----- MATERIAL PROVIDED

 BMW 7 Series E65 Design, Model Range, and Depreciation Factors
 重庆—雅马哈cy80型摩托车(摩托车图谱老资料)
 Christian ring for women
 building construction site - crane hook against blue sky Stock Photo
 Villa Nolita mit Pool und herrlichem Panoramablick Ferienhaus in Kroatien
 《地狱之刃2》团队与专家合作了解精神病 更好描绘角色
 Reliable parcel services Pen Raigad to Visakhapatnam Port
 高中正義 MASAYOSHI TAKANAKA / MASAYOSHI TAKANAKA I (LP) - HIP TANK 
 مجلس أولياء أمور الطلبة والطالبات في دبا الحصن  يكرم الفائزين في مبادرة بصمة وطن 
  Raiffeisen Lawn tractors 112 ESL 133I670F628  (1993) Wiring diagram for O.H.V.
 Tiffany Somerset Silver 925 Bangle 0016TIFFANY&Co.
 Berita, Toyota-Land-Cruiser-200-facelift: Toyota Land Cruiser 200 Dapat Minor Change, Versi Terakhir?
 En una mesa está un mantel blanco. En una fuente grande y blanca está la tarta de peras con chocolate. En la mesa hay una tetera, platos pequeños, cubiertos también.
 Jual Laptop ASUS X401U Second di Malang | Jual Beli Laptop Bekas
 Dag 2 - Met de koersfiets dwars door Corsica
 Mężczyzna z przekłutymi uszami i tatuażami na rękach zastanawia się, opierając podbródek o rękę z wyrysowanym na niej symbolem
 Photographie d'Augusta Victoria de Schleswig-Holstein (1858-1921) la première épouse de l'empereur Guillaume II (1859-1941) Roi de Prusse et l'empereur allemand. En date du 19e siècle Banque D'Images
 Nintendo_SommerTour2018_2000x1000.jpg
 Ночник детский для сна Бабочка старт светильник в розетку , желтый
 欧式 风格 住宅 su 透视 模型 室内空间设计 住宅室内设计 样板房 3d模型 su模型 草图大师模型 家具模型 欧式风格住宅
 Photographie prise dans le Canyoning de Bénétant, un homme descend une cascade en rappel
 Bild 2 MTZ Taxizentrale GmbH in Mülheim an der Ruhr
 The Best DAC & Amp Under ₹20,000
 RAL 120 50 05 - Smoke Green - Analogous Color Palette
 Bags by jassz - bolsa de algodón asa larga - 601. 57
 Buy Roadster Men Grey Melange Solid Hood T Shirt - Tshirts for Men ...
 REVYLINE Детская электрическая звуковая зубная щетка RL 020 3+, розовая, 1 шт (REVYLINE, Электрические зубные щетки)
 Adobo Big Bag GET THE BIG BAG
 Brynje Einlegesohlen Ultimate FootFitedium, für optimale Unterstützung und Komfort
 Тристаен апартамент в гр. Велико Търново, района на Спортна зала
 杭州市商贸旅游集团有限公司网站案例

----------

Set down the records again without altering a word.

SOLUTION TO THE PROBLEM -
 BMW 7 Series E65 Design, Model Range, and Depreciation Factors
 重庆—雅马哈cy80型摩托车(摩托车图谱老资料)
 Christian ring for women
 building construction site - crane hook against blue sky Stock Photo
 Villa Nolita mit Pool und herrlichem Panoramablick Ferienhaus in Kroatien
 《地狱之刃2》团队与专家合作了解精神病 更好描绘角色
 Reliable parcel services Pen Raigad to Visakhapatnam Port
 高中正義 MASAYOSHI TAKANAKA / MASAYOSHI TAKANAKA I (LP) - HIP TANK 
 مجلس أولياء أمور الطلبة والطالبات في دبا الحصن  يكرم الفائزين في مبادرة بصمة وطن 
  Raiffeisen Lawn tractors 112 ESL 133I670F628  (1993) Wiring diagram for O.H.V.
 Tiffany Somerset Silver 925 Bangle 0016TIFFANY&Co.
 Berita, Toyota-Land-Cruiser-200-facelift: Toyota Land Cruiser 200 Dapat Minor Change, Versi Terakhir?
 En una mesa está un mantel blanco. En una fuente grande y blanca está la tarta de peras con chocolate. En la mesa hay una tetera, platos pequeños, cubiertos también.
 Jual Laptop ASUS X401U Second di Malang | Jual Beli Laptop Bekas
 Dag 2 - Met de koersfiets dwars door Corsica
 Mężczyzna z przekłutymi uszami i tatuażami na rękach zastanawia się, opierając podbródek o rękę z wyrysowanym na niej symbolem
 Photographie d'Augusta Victoria de Schleswig-Holstein (1858-1921) la première épouse de l'empereur Guillaume II (1859-1941) Roi de Prusse et l'empereur allemand. En date du 19e siècle Banque D'Images
 Nintendo_SommerTour2018_2000x1000.jpg
 Ночник детский для сна Бабочка старт светильник в розетку , желтый
 欧式 风格 住宅 su 透视 模型 室内空间设计 住宅室内设计 样板房 3d模型 su模型 草图大师模型 家具模型 欧式风格住宅
 Photographie prise dans le Canyoning de Bénétant, un homme descend une cascade en rappel
 Bild 2 MTZ Taxizentrale GmbH in Mülheim an der Ruhr
 The Best DAC & Amp Under ₹20,000
 RAL 120 50 05 - Smoke Green - Analogous Color Palette
 Bags by jassz - bolsa de algodón asa larga - 601. 57
 Buy Roadster Men Grey Melange Solid Hood T Shirt - Tshirts for Men ...
 REVYLINE Детская электрическая звуковая зубная щетка RL 020 3+, розовая, 1 шт (REVYLINE, Электрические зубные щетки)
 Adobo Big Bag GET THE BIG BAG
 Brynje Einlegesohlen Ultimate FootFitedium, für optimale Unterstützung und Komfort
 Тристаен апартамент в гр. Велико Търново, района на Спортна зала
 杭州市商贸旅游集团有限公司网站案例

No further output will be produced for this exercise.